== TASK ITEM ==
Skip the pictures. Retype exactly, and only, the lines between the line holding "Grey cotton long sleeves baby sweat romper" and the last line below, inclusive.

== SOURCE DATA ==
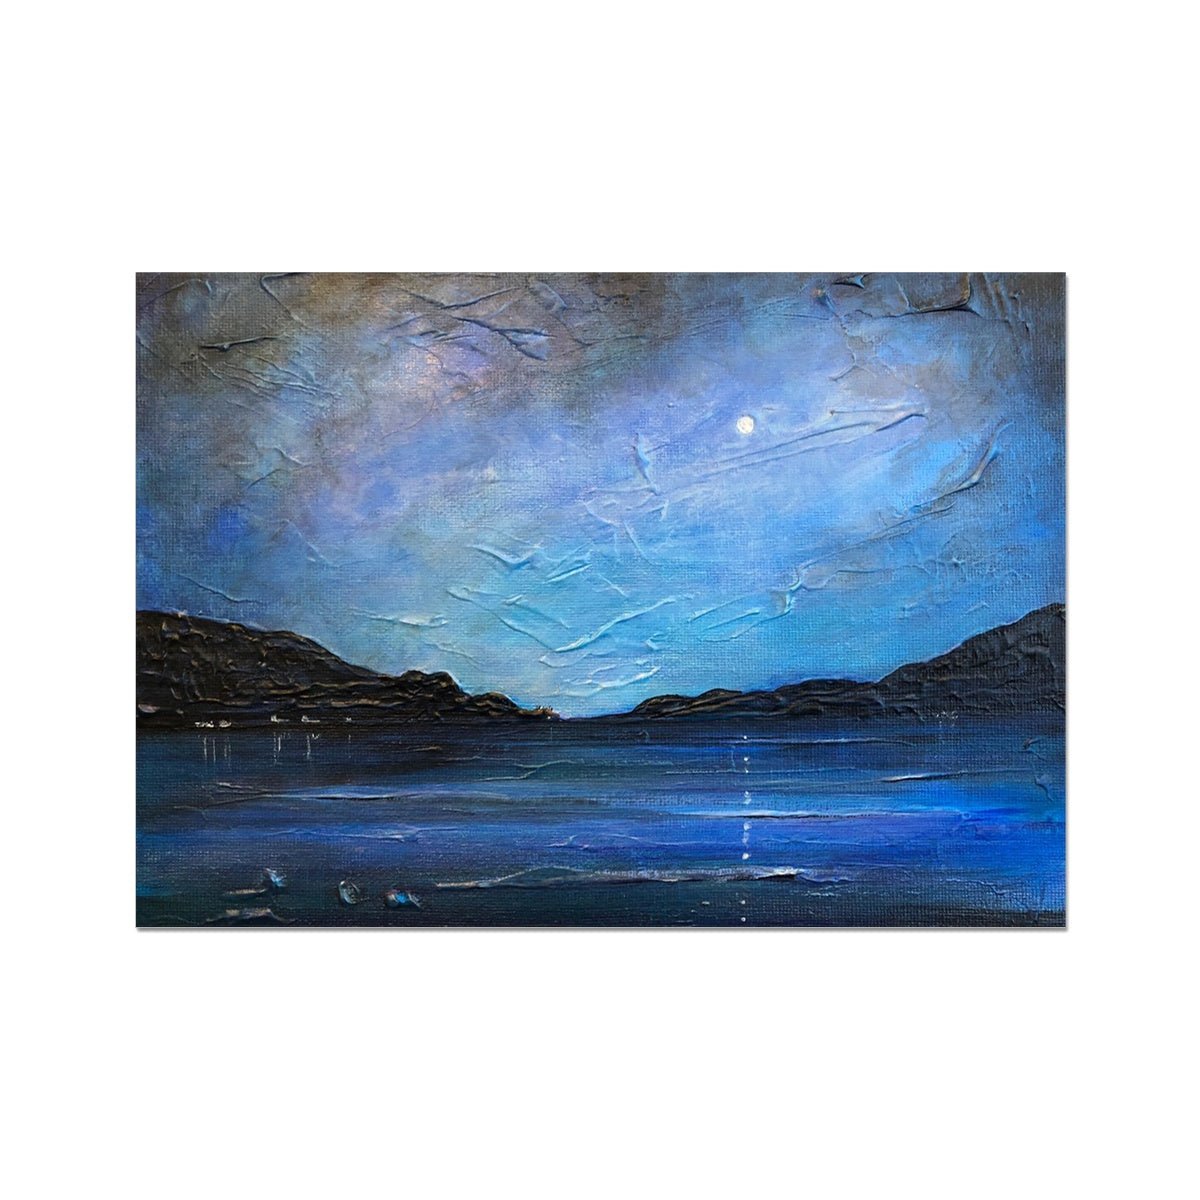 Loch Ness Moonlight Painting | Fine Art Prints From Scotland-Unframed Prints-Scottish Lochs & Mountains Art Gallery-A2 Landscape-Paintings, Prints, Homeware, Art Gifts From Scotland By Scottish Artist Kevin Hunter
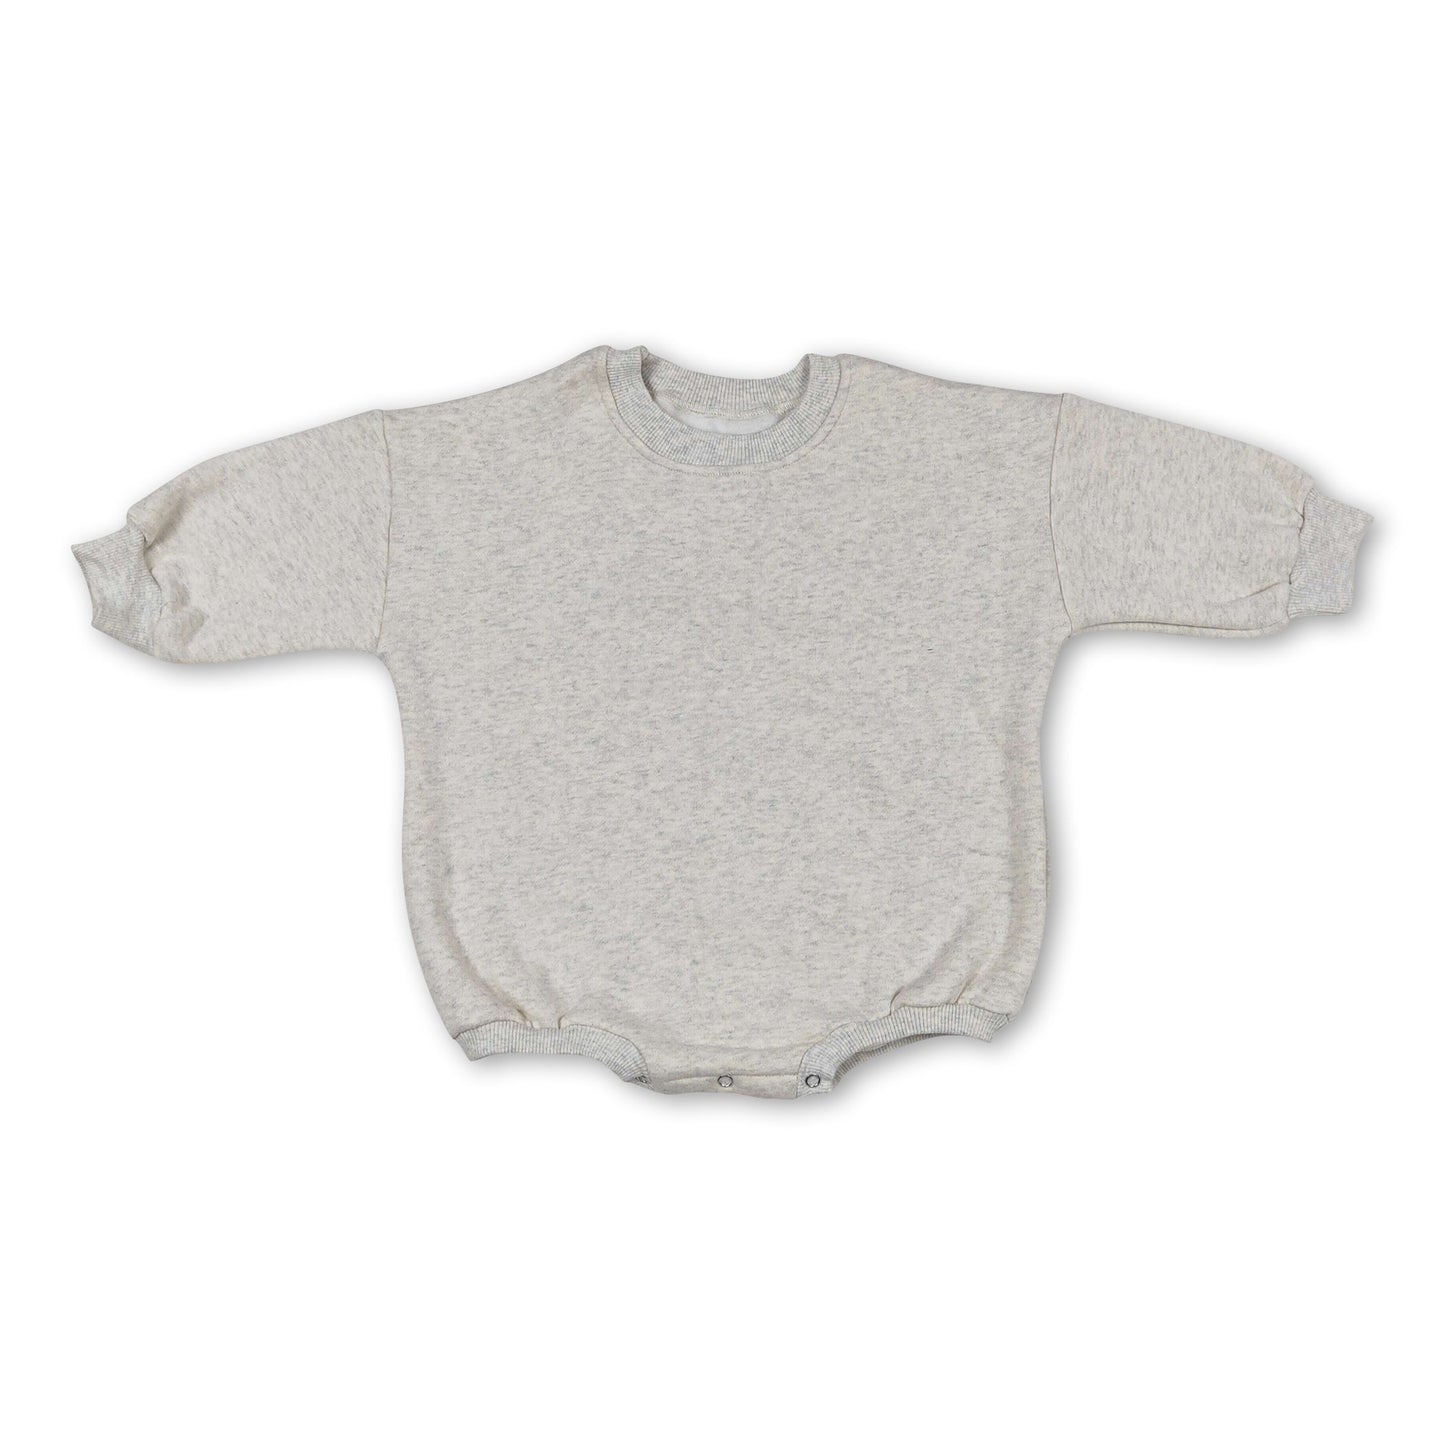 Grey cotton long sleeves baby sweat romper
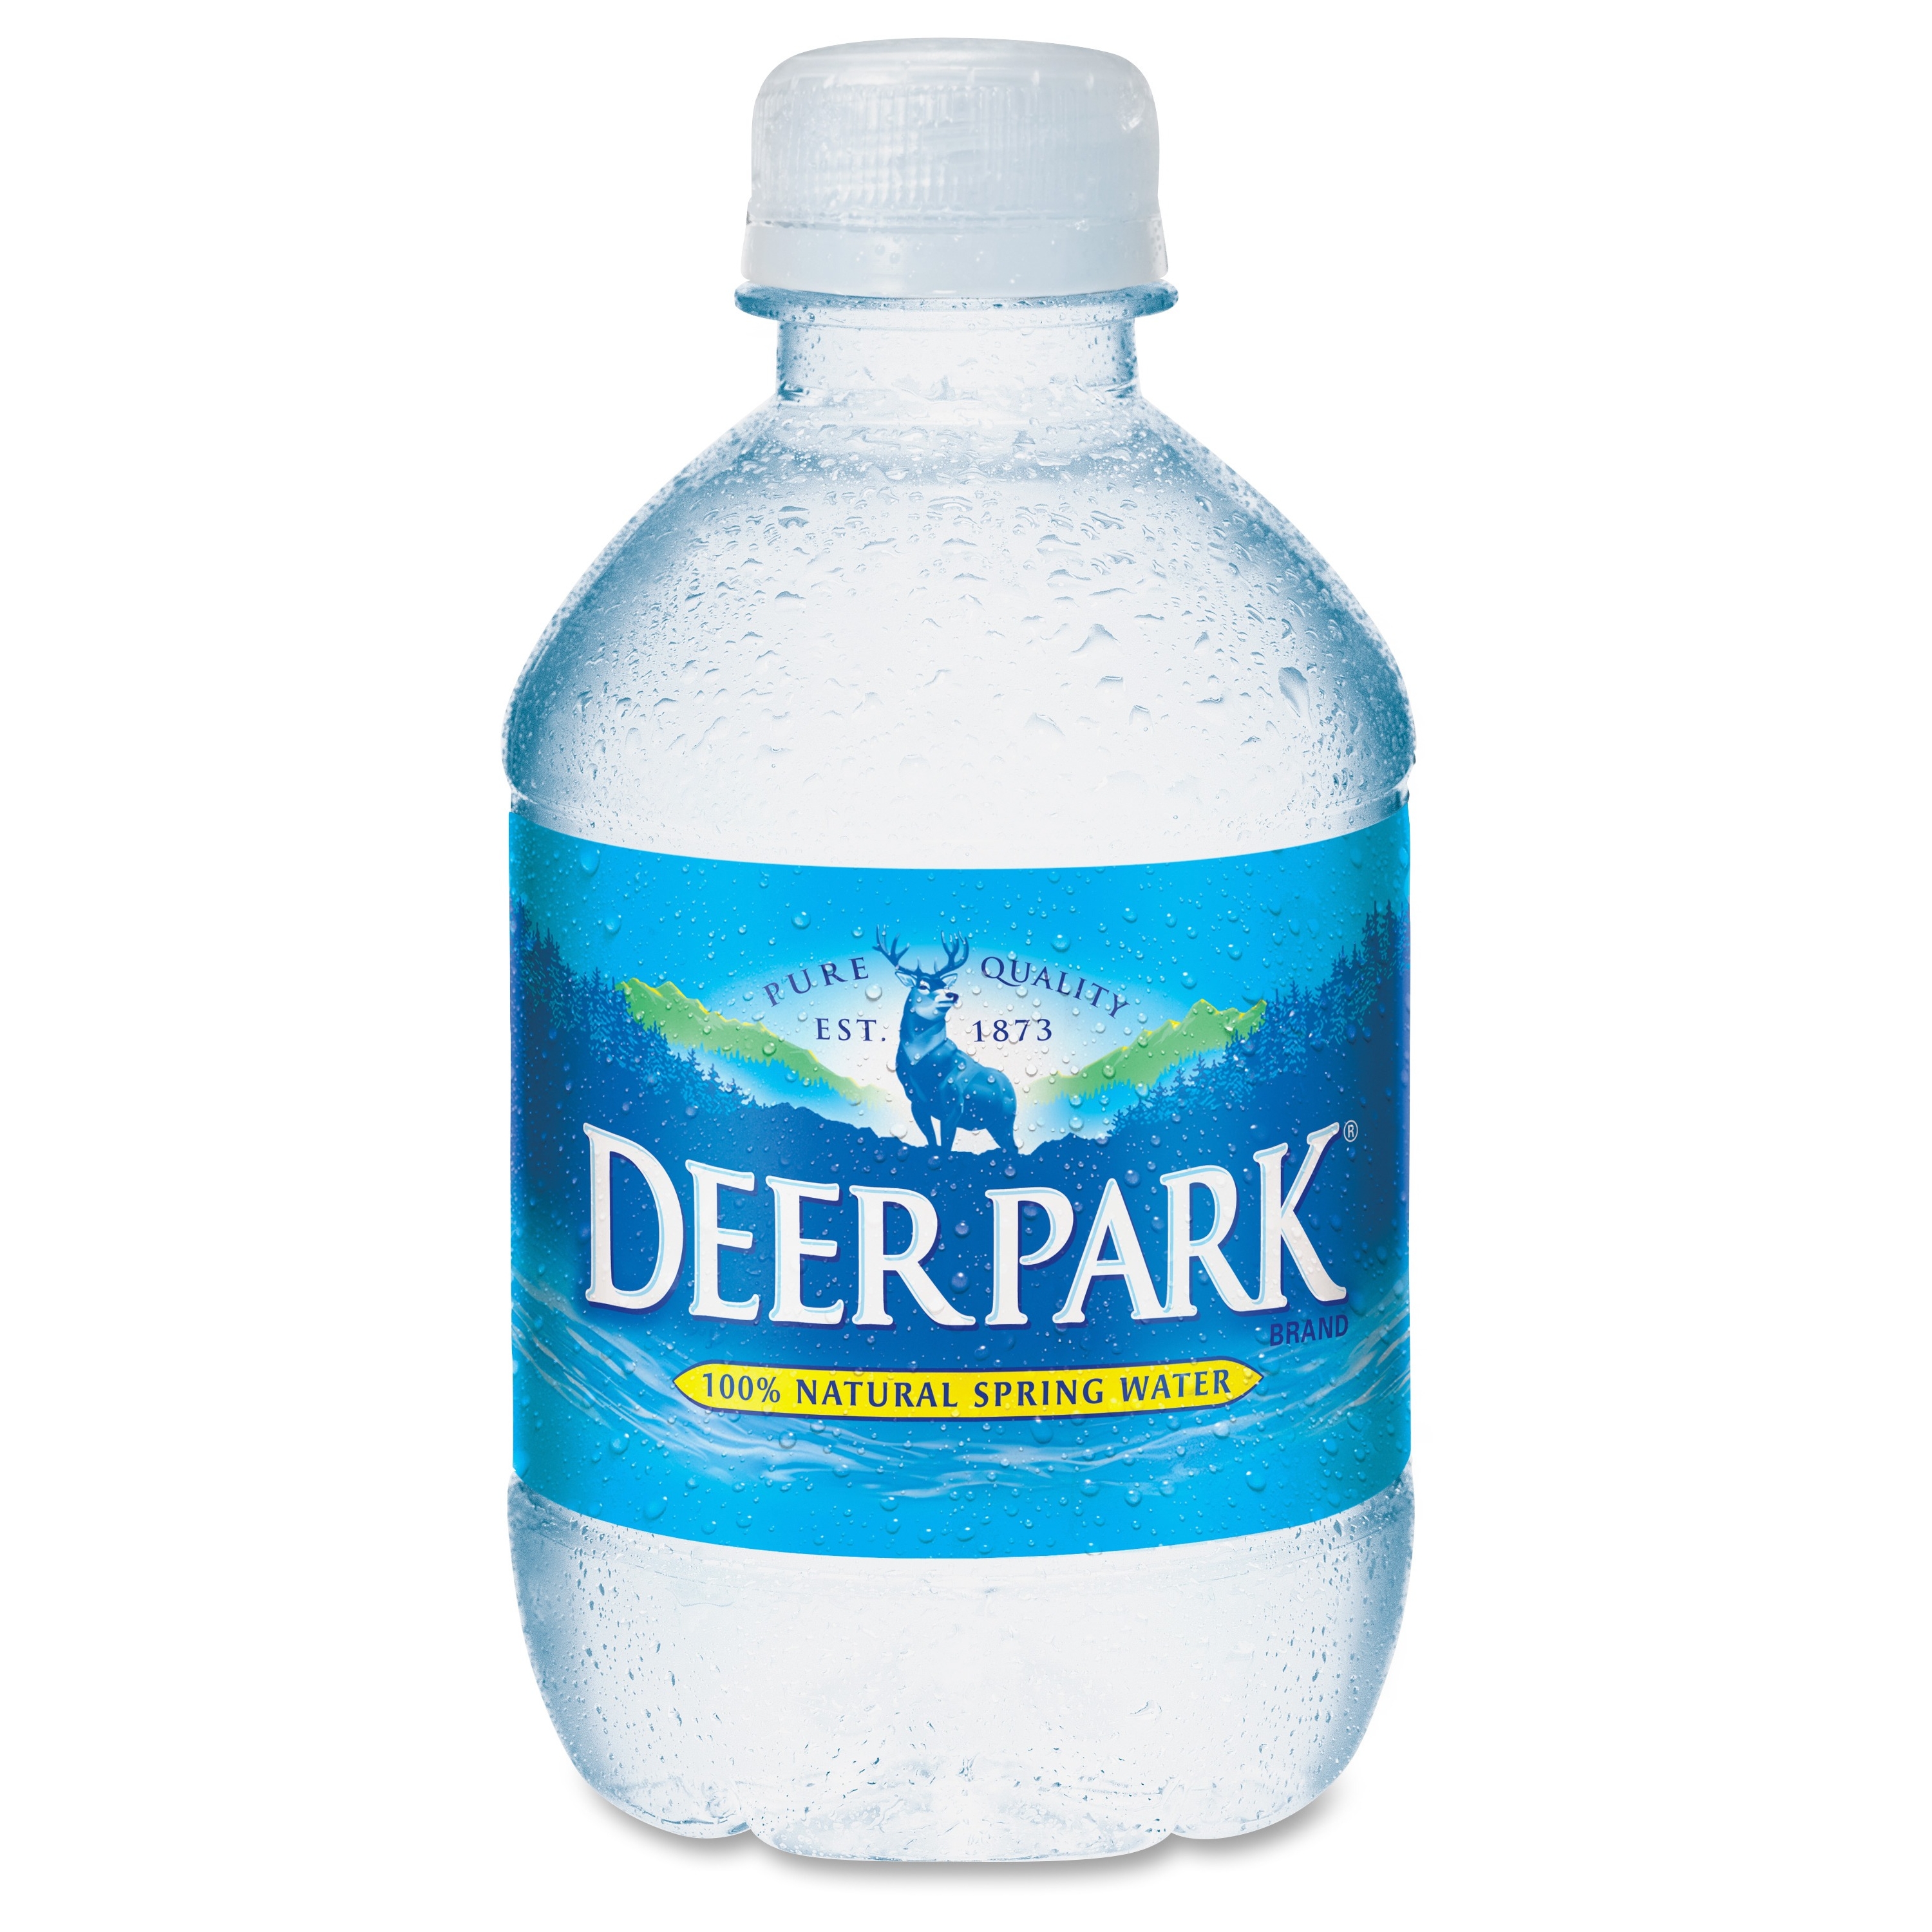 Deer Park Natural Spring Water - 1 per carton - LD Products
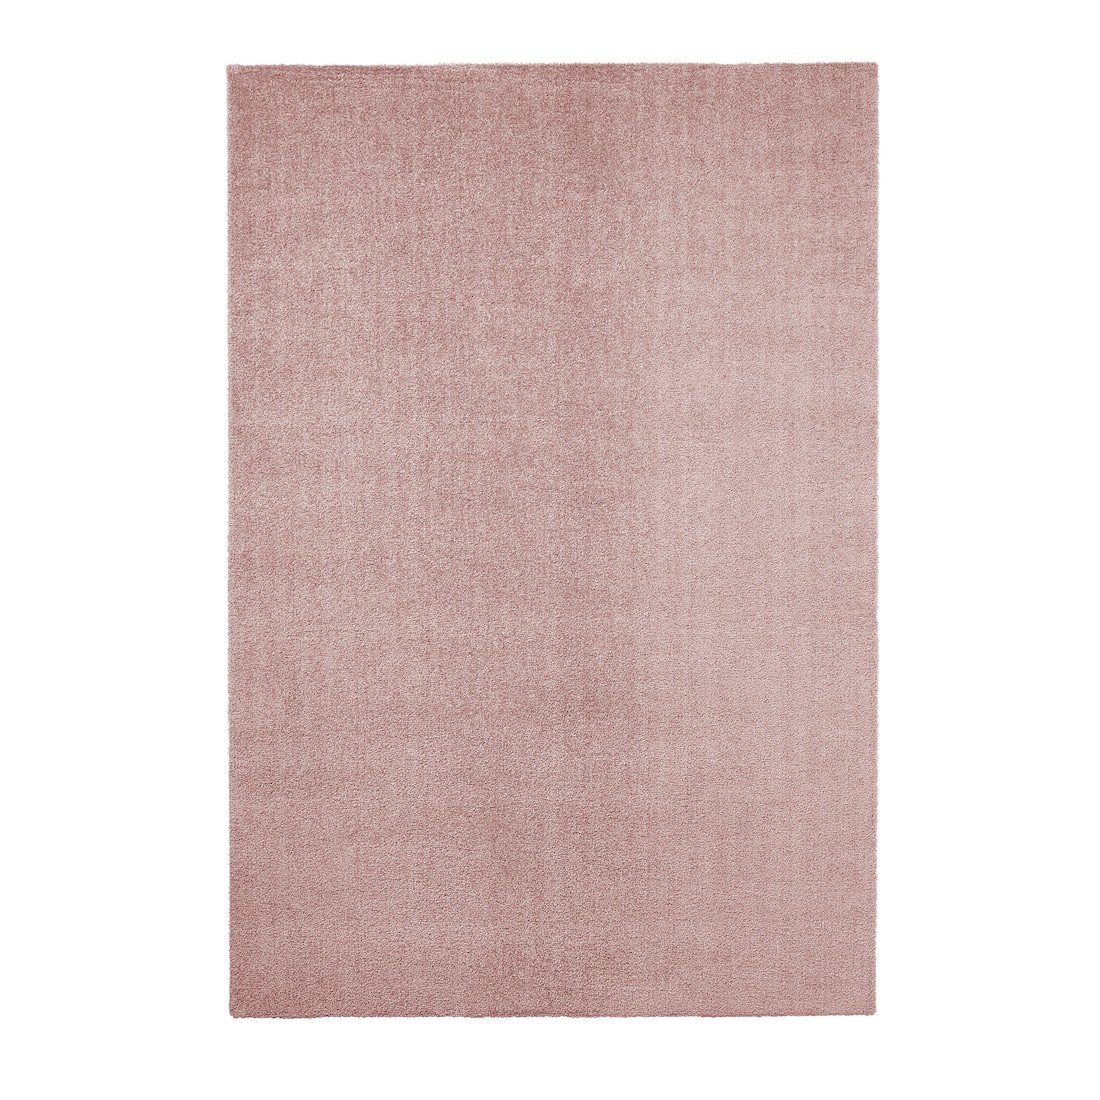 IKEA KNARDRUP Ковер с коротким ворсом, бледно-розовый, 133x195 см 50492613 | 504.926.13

== SOLUTION TO THIS TASK ==
 Grey cotton long sleeves baby sweat romper
 Deer Park Natural Spring Water - 1 per carton - LD Products
 IKEA KNARDRUP Ковер с коротким ворсом, бледно-розовый, 133x195 см 50492613 | 504.926.13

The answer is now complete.